Posted by: cary | Dec 9, 2005 2:11:59 PM
Dave -
I think you're basically right -- in a place with lots of population influx, it makes a lot of sense to gauge success based on per capita emissions, rather than total emissions. For the globe, total emissions are what's important. Probably for the nation a s a whole, too. But that plays out very differently for a municipality.
That's sort of the point, I guess -- this is an instance in which a trend that's great by one measure (per capita) could be lousy on another (total). And I certainly wouldn't want the Kyoto goal to become an excuse not to welcome new residents into the city -- that would be completely backwards.
Posted by: Clark Williams-Derry | Dec 9, 2005 2:21:07 PM
They've already taken steps, parking wise, to reduce traffic flow into the city. I've worked at the various stadiums for the last 8 years, and I have watched the overall amount of free parking drop. This year, in fact, it plummeted so far that I now take the bus to work. For me, it's a smart move to take the $6 round trip bus than spend $5 on parking and who knows how much on gas to get there and annoying time spent in traffic and looking for a space.
Now, if only they'd ramp up the bus service a little more. I can't wait until light rail; I think that will have the potential to reduce traffic into the city. Perhaps they'll ultimately decide to not replace the viaduct as well, and it will be torn down and maybe just replaced with light rail. It would be a risky move, but Portland did something similar and has been just fine.

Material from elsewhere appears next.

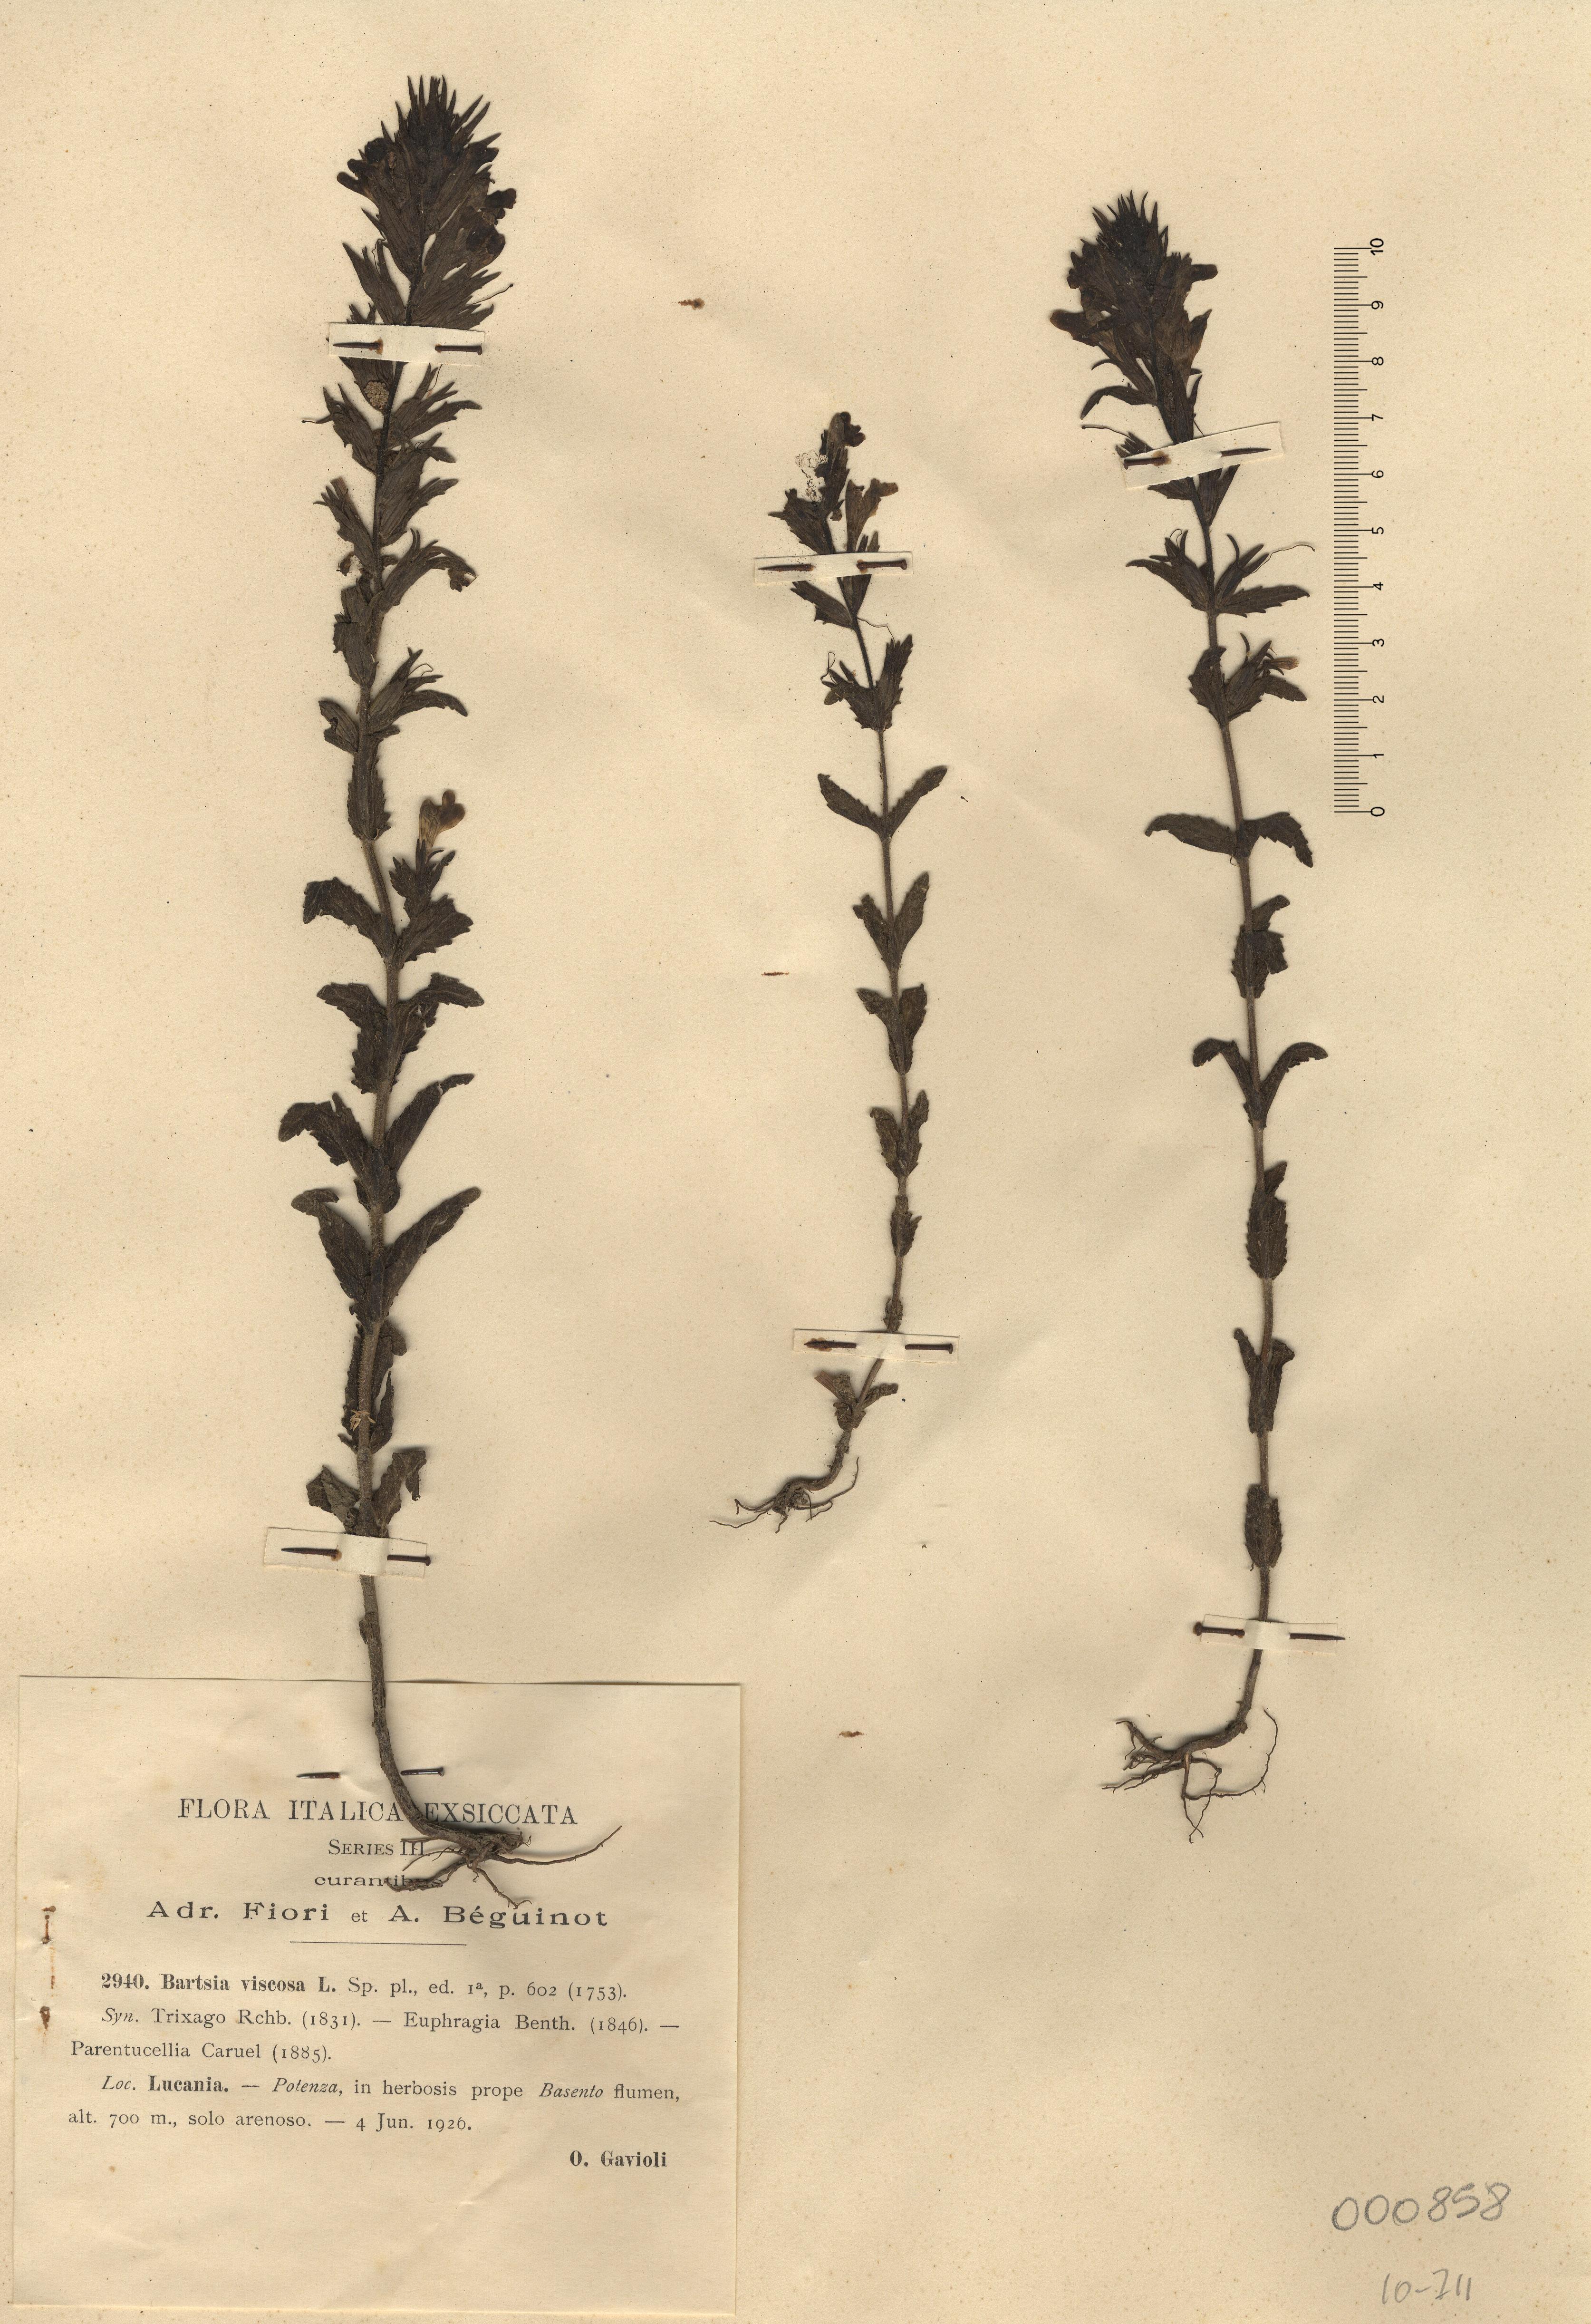 © Hortus Botanicus Catinensis - Herb. sheet 000858<br>

Posted by: Leah | Dec 11, 2005 8:51:41 AM
I think you give too little credit to the transportation agenda, which is really pretty traffic neutral -- it could be more agressively anti-traffic, but it really doesn't enable much more traffic. The 6 lane viaduct will be replaced with a 6 lane tunnel -- not really a big difference in capacity. It is also instructive to compare the 520 and 99 projects. Both highways currently carry 100,000 cars a day, even though 520 has 2/3 the capacity. 520 is a good test of the theory that we can get rid of the traffic by simply not having the roads to support it, because this bridge creates nightmarish traffic, but people drive across it anyway. I would bet the 6 lane viaduct is responsible for a lot less emissions than the 4 lane bridge because it carries no more cars but they waste a lot less gas idling. Replacing 520 with 4 general purpose lanes and 2 HOV lanes wouldn't give it any more capacity than the viaduct. It would improve the commute for SOVs, but it still wouldn't be a breeze. Meanwhile, it would vastly improve the commute across the lake by bus. Combine this with I-90, where we are talking about getting rid of the express lanes to use them for light rail to the east side, and I'm not so sure cross-lake car trips will go up.

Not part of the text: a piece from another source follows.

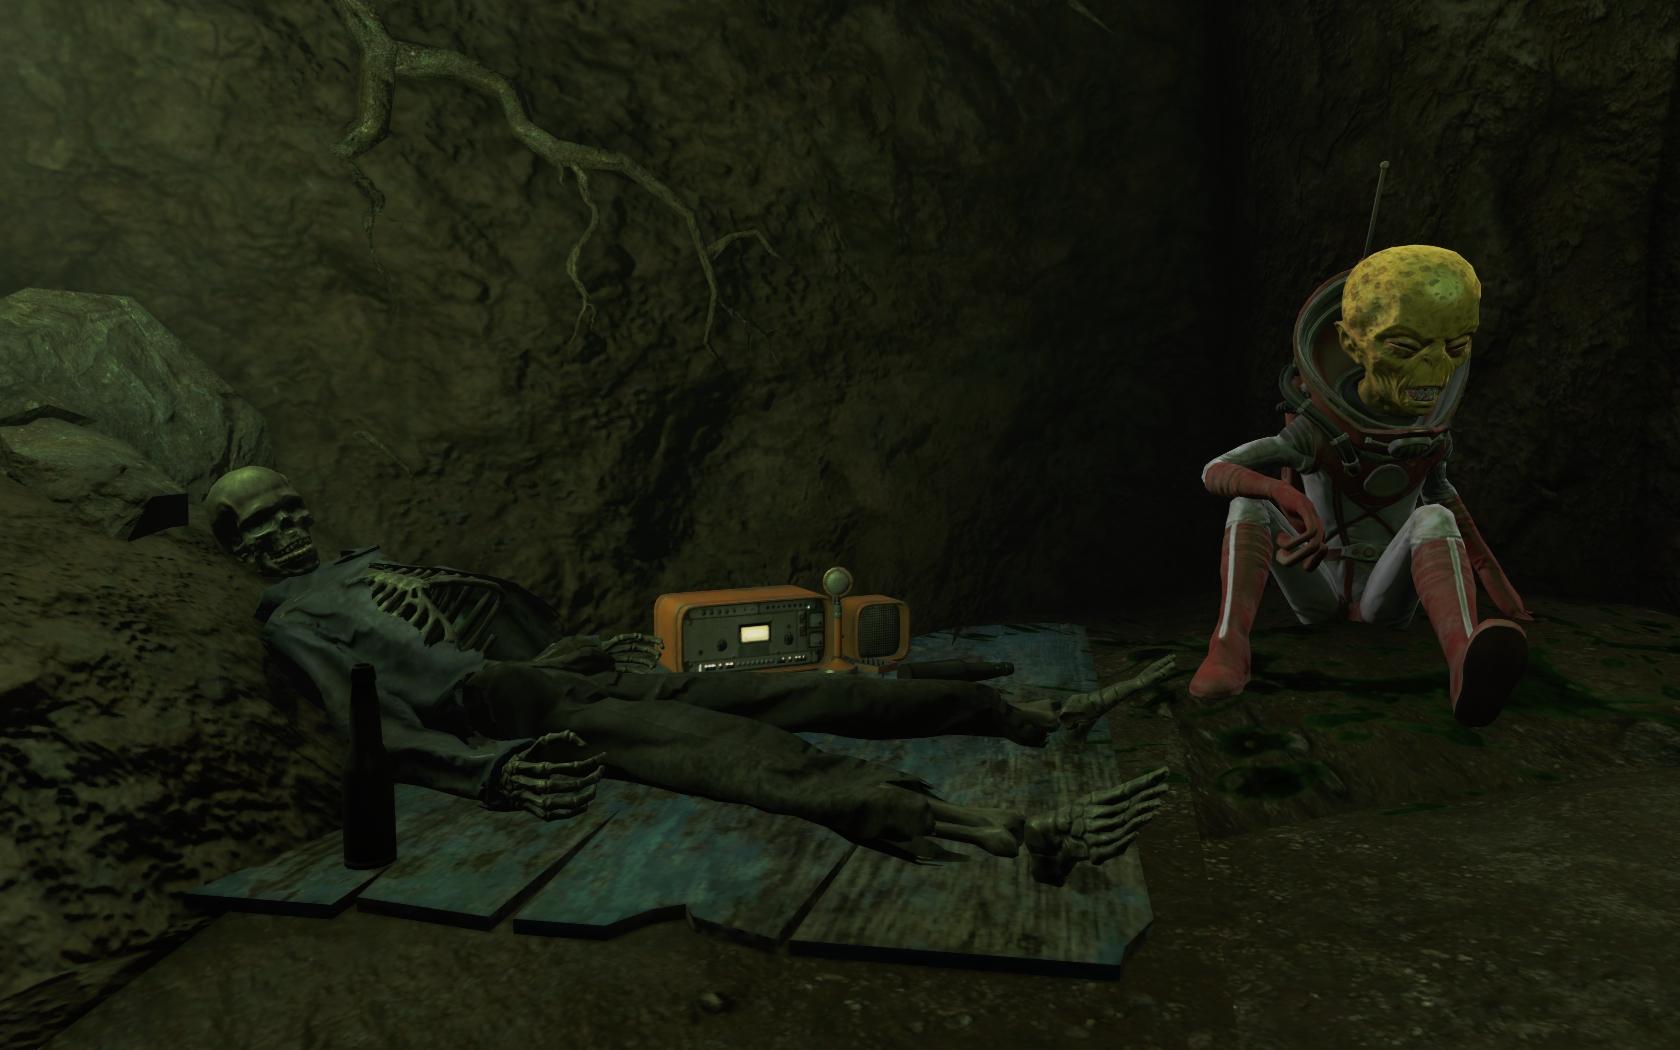 Чужой в пещере (юго-восточнее Станции Оберленд) #3 - Fallout 4 Дзетанец, Оберленд, пещера, Чужой

The mayor certainly could be more pro-transit, and the monorail is a shame, but what the mayor has done is promoted growth close to downtown, particularly in South Lake Union, and if he gets his way with the viaduct I'm sure he's hoping to develop the waterfront more as well. Shortening the distance that people commute can have as much of a difference as how people commute, and as you know our growth strategy can affect how people choose to commute as well.

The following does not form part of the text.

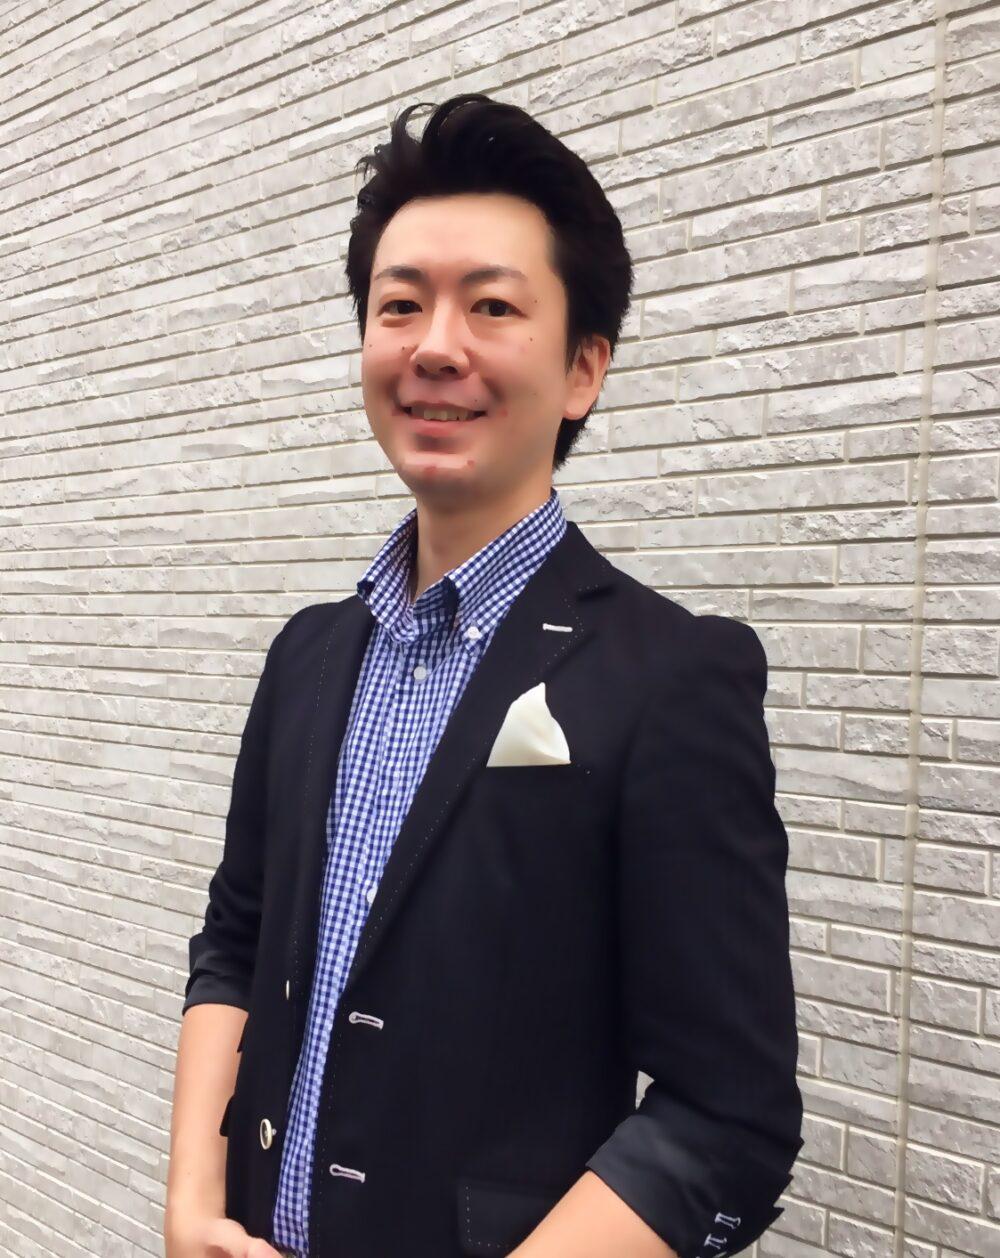 Kazutomo

As for opening transit on the green line and shutting down the viaduct, the ridership forecasts for the original green line showed over 60,000 daily riders, but these came almost entirely from people traveling to/from downtown, not those who commute past downtown via the viaduct. The monorail as it was designed could not have also handled the 100,000 who use the viaduct -- the trains and stations were way too short and the single-tracking also limited capacity outside of downtown. What makes me uneasy about tear down the viaduct plans is that they all rely on most of the traffic going to downtown surface streets and filling them to capacity. This has questionable environmental benefit as the majority who would still drive would use more gas and the downtown would be much less livable.